Kita telah melihat bagaimana orientasi yang berbeda-beda dapat menghasilkan interpretasi yang berbeda pula terhadap fenomena budaya. Namun teori antropologi apa pun yang dipakai, proses untuk sampai pada penjelasan tidaklah pernah sederhana. Memang bagaimanapun, suatu orientasi teoretis hanyalah umum sifatnya, yaitu mengandung suatu petunjuk umum untuk kita, memberi petunjuk mengenai kemungkinan mencari jawaban atas pertanyaan yang dihadapi; jadi tidak dengan sendirinya menyediakan jawaban tertentu untuk suatu pertanyaan tertentu. Kalau begitu bagaimana seorang ahli antropologi dapat mengembangkan suatu teori untuk menerangkan berbagai fenomena budaya? Sulit untuk menentukan suatu prosedur yang dapat menjamin akan menghasilkan suatu teori, karena untuk dapat menghasilkan suatu teori diperlukan imajinasi yang kreatif, dan tak ada prosedur penemuan yang dengan sendirinya dapat dipakai untuk menghasilkan kegiatan yang kreatif.

Ketergantungan yang terlalu besar pada suatu orientasi teori malahan sebenarnya dapat merugikan karena mungkin membuat peneliti buta terhadap kemungkinan-kemungkinan yang lain. Barangkali faktor yang lebih penting dalam pemakaian teori adalah kepercayaan peneliti bahwa ia dapat menemukan penjelasan yang dapat diterima. Bila seorang percaya bahwa sesuatu dapat dijelaskan, maka akan lebih besar kemungkinan bahwa ia akan mencatat fakta-fakta yang berkaitan dan pertimbangan-pertimbangan yang mungkin relevan akan diingatnya dan hal-hal itu semua akan dirangkumnya menjadi suatu penjelasan. Namun kita dapat menunjuk kepada beberapa prosedur yang telah menolong para ahli antropologi dalam menelorkan penjelasan tentang fenomena budaya. Prosedur-prosedur ini tampaknya dapat digolongkan ke dalam dua tipe: seorang ahli antropologi dapat menemukan penjelasannya melalui analisanya tentang suatu masyarakat tertentu di mana dia telah melakukan penelitian lapangan yaitu yang dinamakan analisa satu kasus (single-caseanalysis); atau dia dapat mencoba untuk sampai pada suatu teori dengan studi perbandingan dari beberapa masyarakat.
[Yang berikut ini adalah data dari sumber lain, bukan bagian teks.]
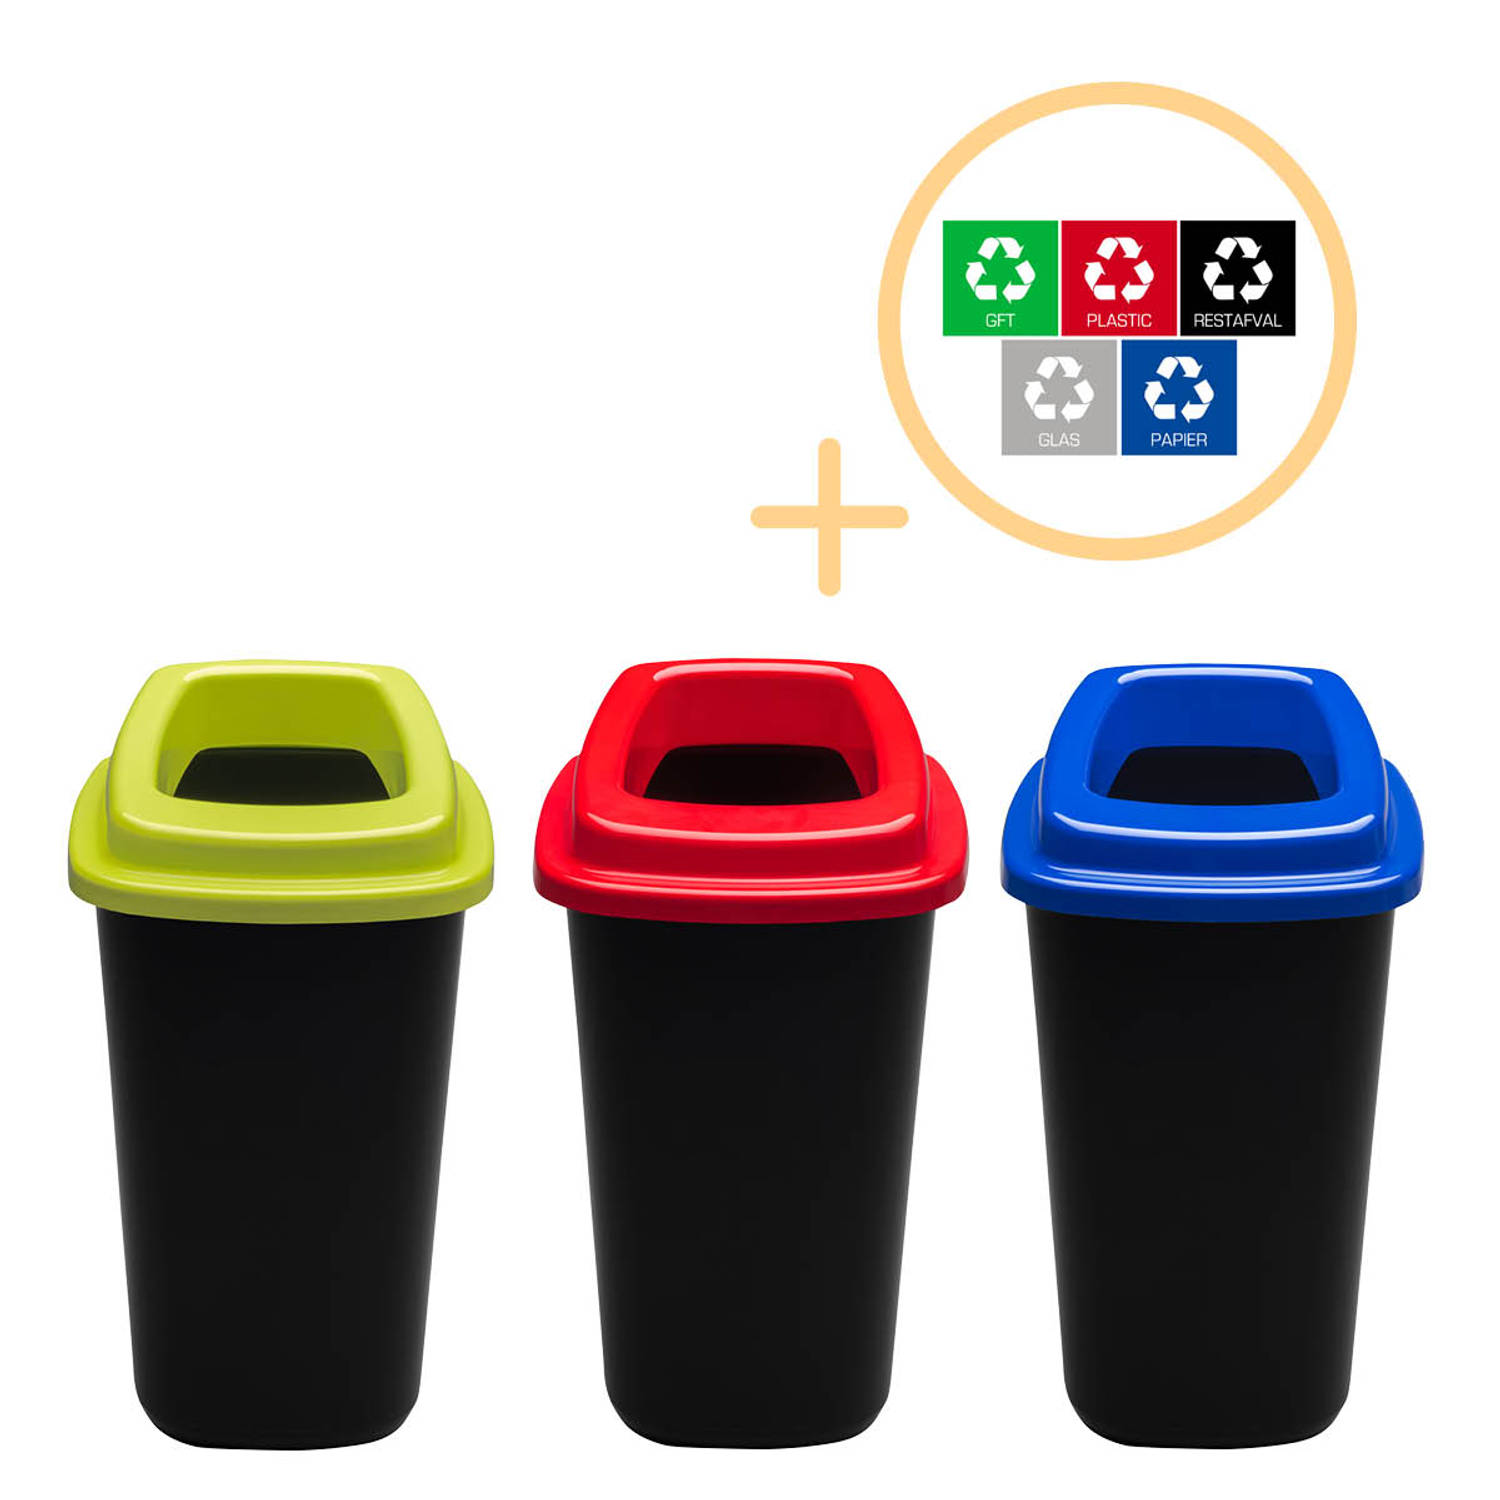 Plafor Sort Bin, Prullenbak voor afvalscheiding - 45L – Set van 3, Blauw/Groen/Rood - Inclusief 5-delige Stickerset - Recyclen

Dalam menganalisa satu kasus, seorang ahli antropologi mungkin tertarik untuk menjelaskan suatu kebiasaan tertentu. Jika dia masih di lapangan, dia mungkin bertanya kepada informan* mengapa mereka menjalankan (atau mereka mengira telah menjalankan) suatu kebiasaan. Kadang-kadang jawaban atas pertanyaan ini akan menghasilkan suatu penjelasan yang dapat diterima. Tapi lebih sering informan-informan menjawab sebagai berikut, “Sudah dari dahulu kami menjalankan kebiasaan itu”. Dalam keadaan yang begitu si peneliti dapat melakukan semacam pengkajian mental melalui pendalaman dari segi-segi lain dari masyarakat atau lingkungan masyarakat yang bersangkutan yang menurut pertimbangannya mempunyai kaitan dengan kebiasaan yang penjelasannya dicari-cari itu. Jika mungkin, ahli antropologi sebaiknya mencoba melihat situasinya dari sudut perkembangan sejarah, untuk mengetahui apakah kebiasaan itu baru muncul waktu akhir-akhir ini. Jika begitu keadaannya, dia mungkin mencoba untuk mendapat gambaran mengenai keadaan apa saja yang kiranya terdapat sebelum adanya kebiasaan itu dan yang menjelaskan mengenai kebiasaan itu.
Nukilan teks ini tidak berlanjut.